Affordable, life-saving medicines for all: McGill adopts Global Access Licensing Principles for research conducted on campus

McGill University, in conjunction with Universities Allied for Essential Medicines (UAEM), has committed to increasing access to life-saving medicines by adopting Global Access Licensing Principles. McGill is the third Canadian university to adopt the principles, demonstrating a dedication to ensure that any research and university-developed technologies created on McGill’s campus with potential for further development into a drug, vaccine, or medical diagnostic are made affordable to all.

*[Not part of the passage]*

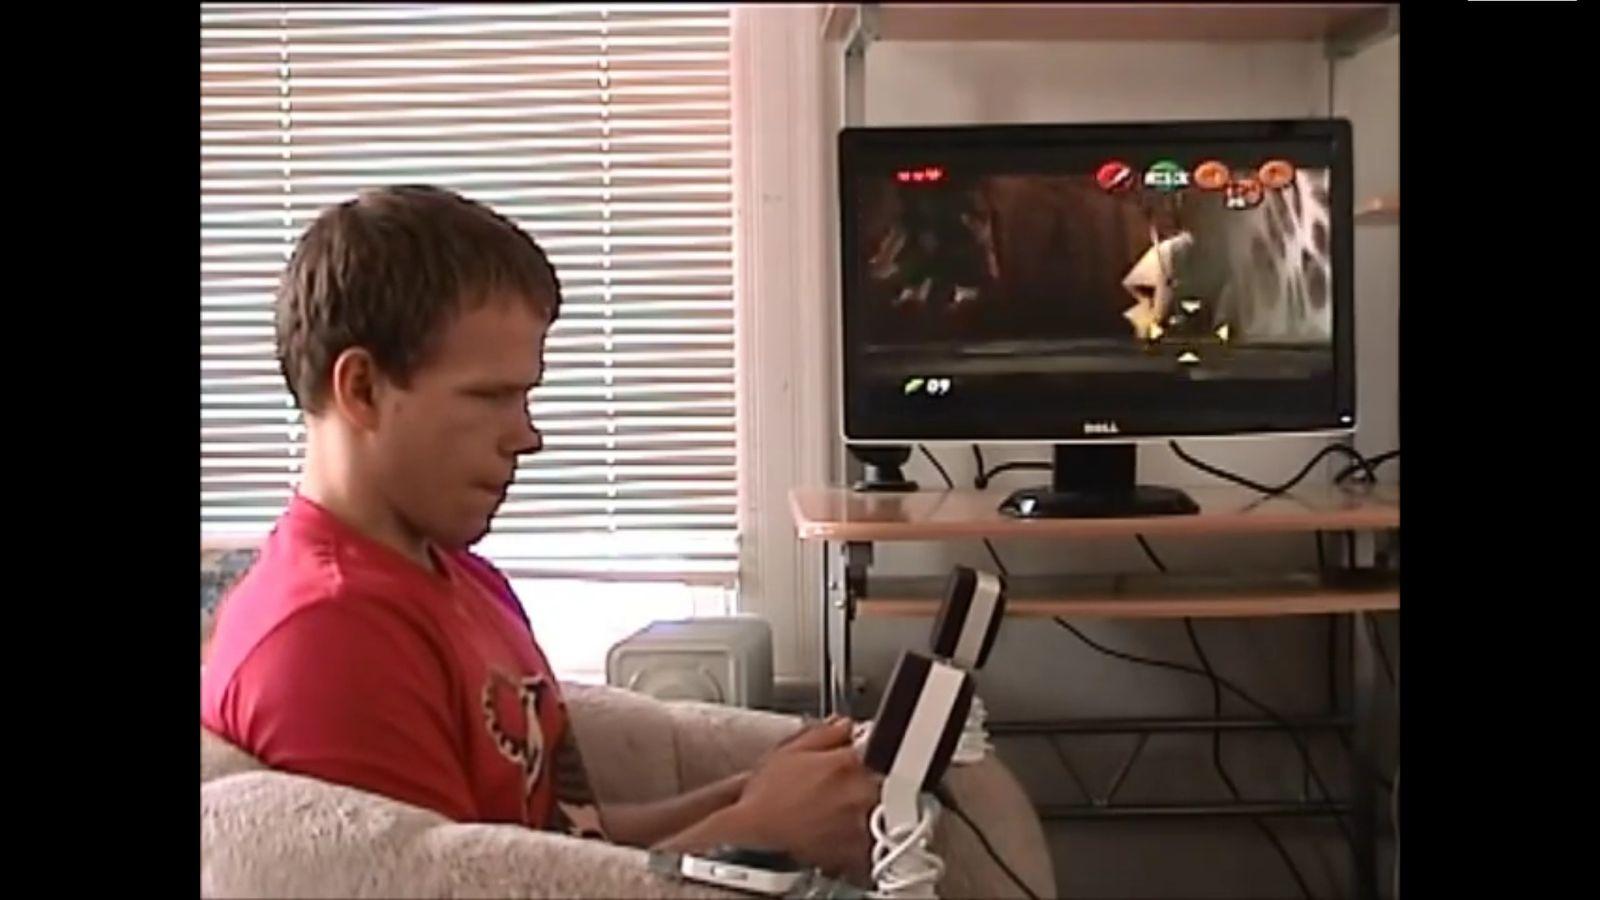 NUR ALS ZITAT Screenshot Blinder spielt Zelda/ YouTube

Global Access Licensing Framework (GALF), the framework used to inform aspects of McGill’s new principles, provides goals and strategies for research universities to follow in the licensing of medicines developed at the universities. The framework aims to prevent patenting practices and intellectual property policies from creating barriers to the life-saving results of publicly-funded research conducted in universities’ laboratories. GALF was created with the help of Universities Allied for Essential Medicines (UAEM), a non-profit, student advocacy organization with chapters at universities around the world

The McGill University chapter of UAEM has worked alongside Innovation and Partnerships to create a GALF commitment best suited for McGill. Students from the McGill UAEM chapter have simultaneously worked to raise awareness of the importance of transparency and equitable licensing of medicines by passing a motion in McGill’s Student Society, meeting with members of the administration, and organizing various creative advocacy events around campus.